Built in 1836 and 1848 respectively, the cemeteries, dubbed ‘the Westminster Abbey of the Midlands’, were originally created as part of the industrialisation and growth of the city. Now, the cemeteries are a key part of the history and heritage of the Jewellery Quarter and are a must-see for any visit to the city. Some of its famous residents include Joseph Chamberlain, (former Mayor of Birmingham), Thomas Henry Gem, (the inventor of modern lawn tennis), Alfred Bird (Birds Custard), and ‘Blue Brick Walker’ (who first brick-set the pavements of Birmingham using blue bricks).

The works will see restoration take part in two phases. The first which has recently started, will be due for completion in December and the second phase of the work which will focus on the landscaping, will be completed in summer 2020.

Cllr Sharon Thompson, Cabinet Member for Homes and Neighbourhoods at Birmingham City Council said, “The Key Hill Cemetery and Warstone Lane Cemetery are a fascinating part of Birmingham’s history and I’m absolutely delighted that by working with the local community and all of our partners so that together, we’ll be able to preserve these magnificent landmarks.”

Anne Jenkins, Director, England: Midlands & East, The National Lottery Heritage Fund, said: “The Key Hill Cemetery and Warstone Lane Cemetery are incredibly significant landmarks in the historic, religious, social and political landscape of Birmingham, and we are delighted that work has begun on their restoration and conservation of these sites.”

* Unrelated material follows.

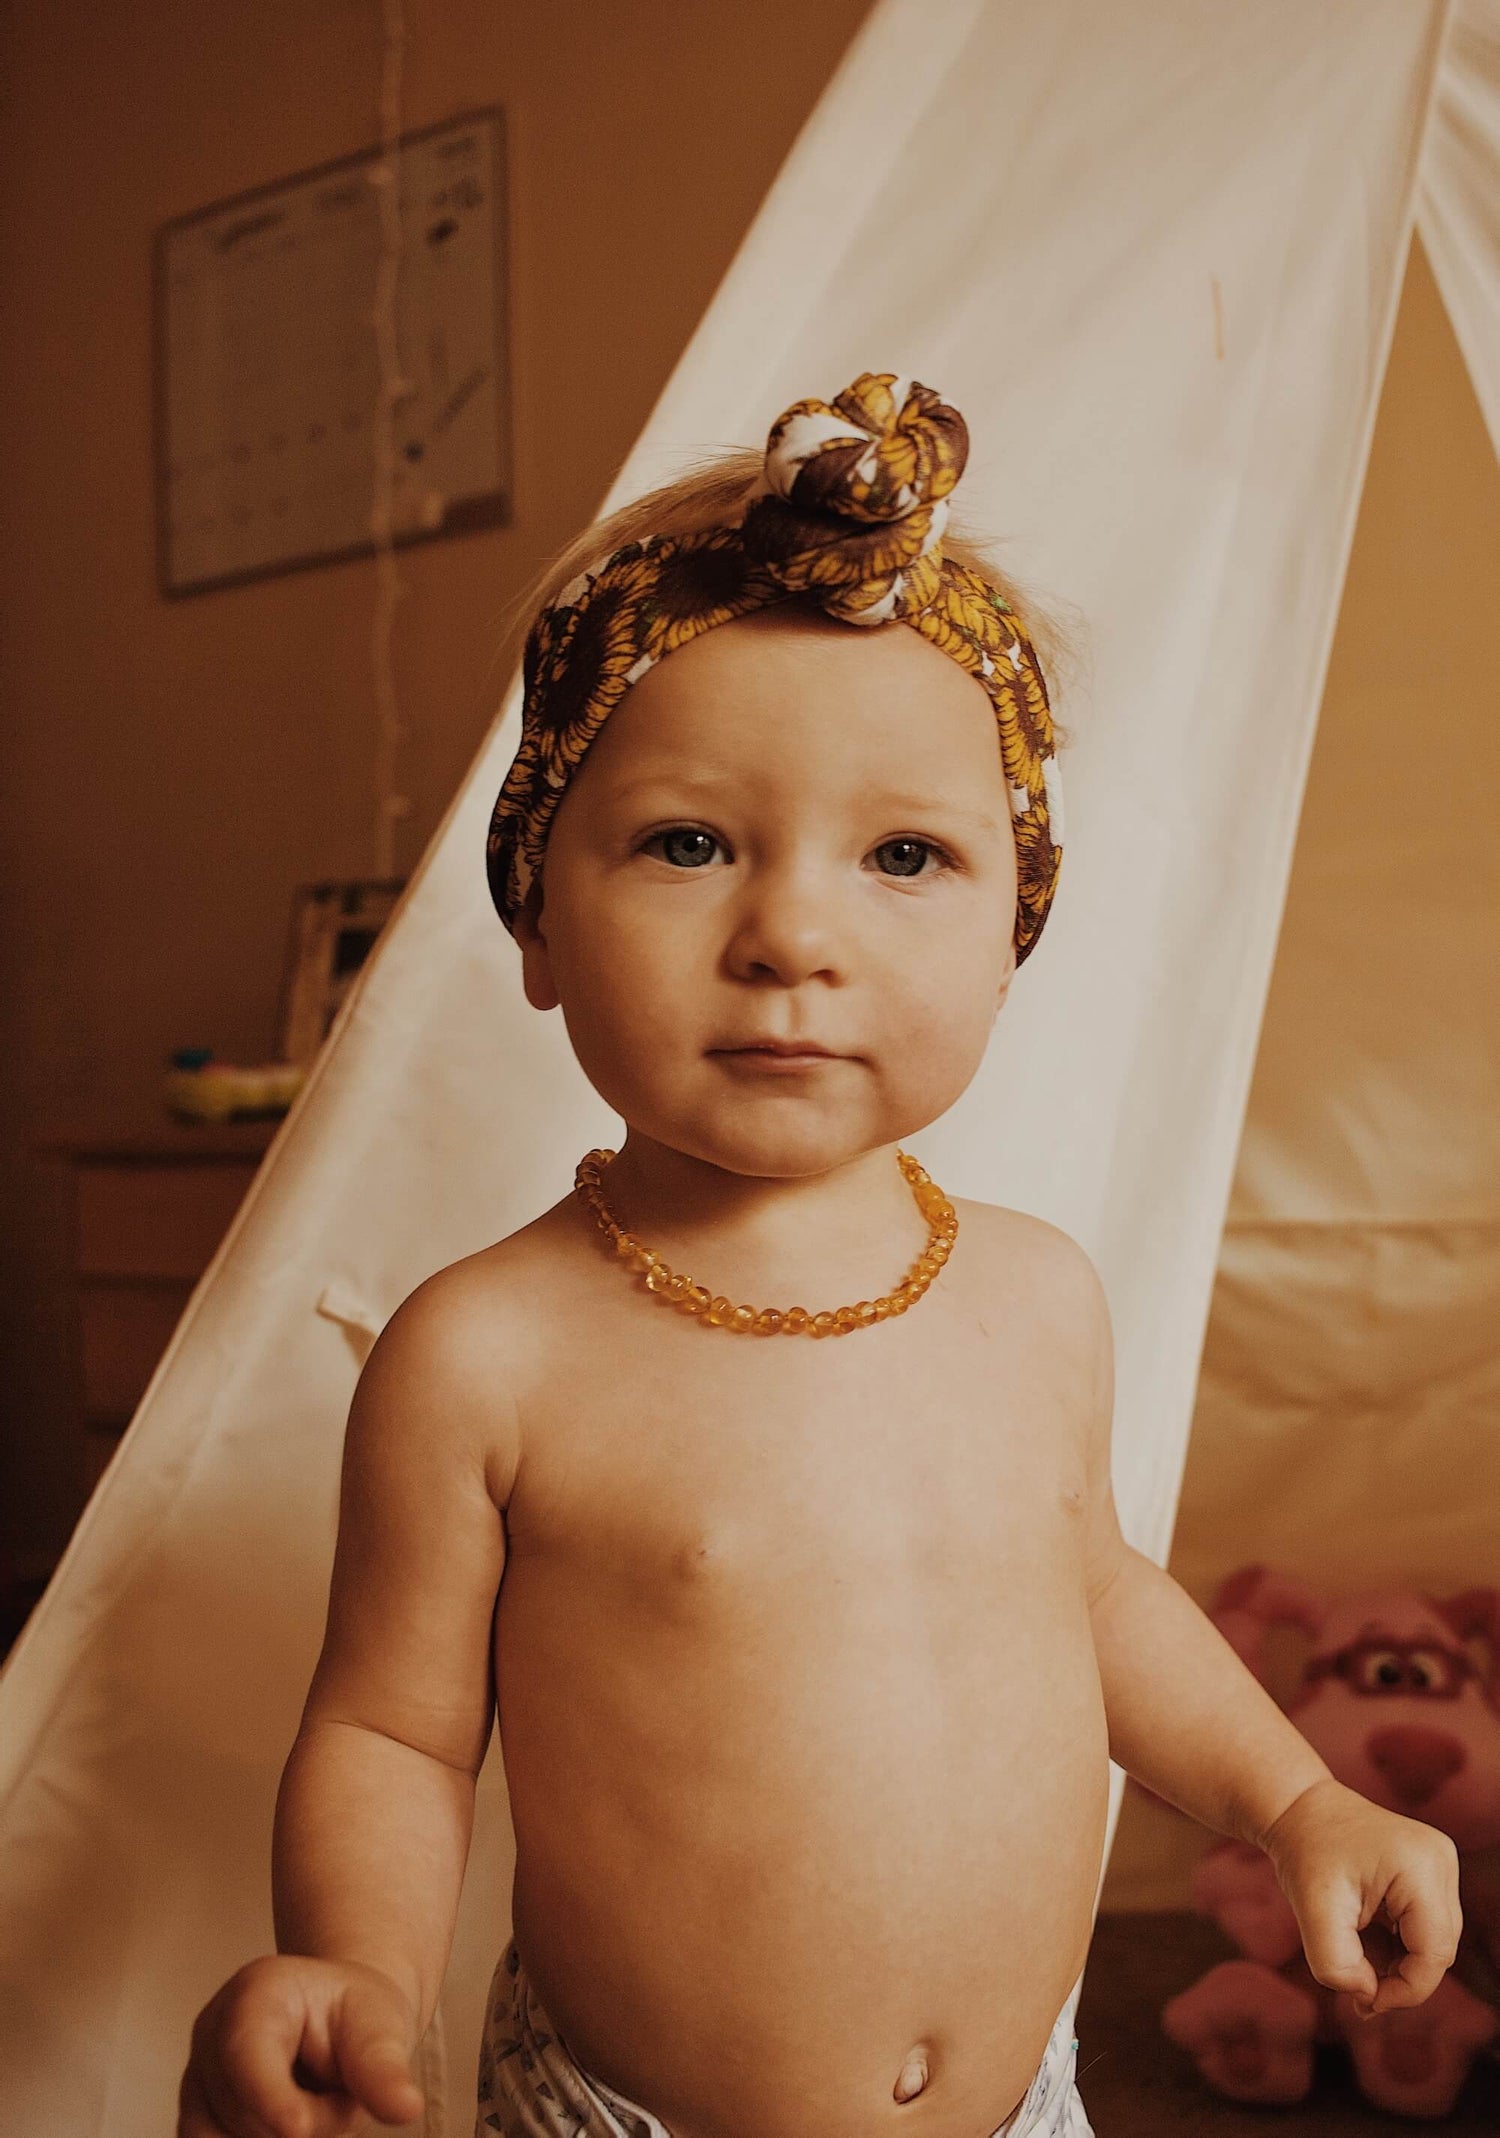 Baby Girl Wearing Amber Guru's Baltic Amber Teething Necklace In Honey Color, Posing In A Room

Luke Crane, Executive Director for the Jewellery Quarter Development Trust adds “We’re so excited to see the restoration begin. Both Key Hill and Warstone Lane cemeteries play huge parts within the Jewellery Quarter’s history. We hope that the restoration works, and associated activity programme will encourage the public to visit and spend time at the cemeteries, learning more about the Quarter’s unique heritage.”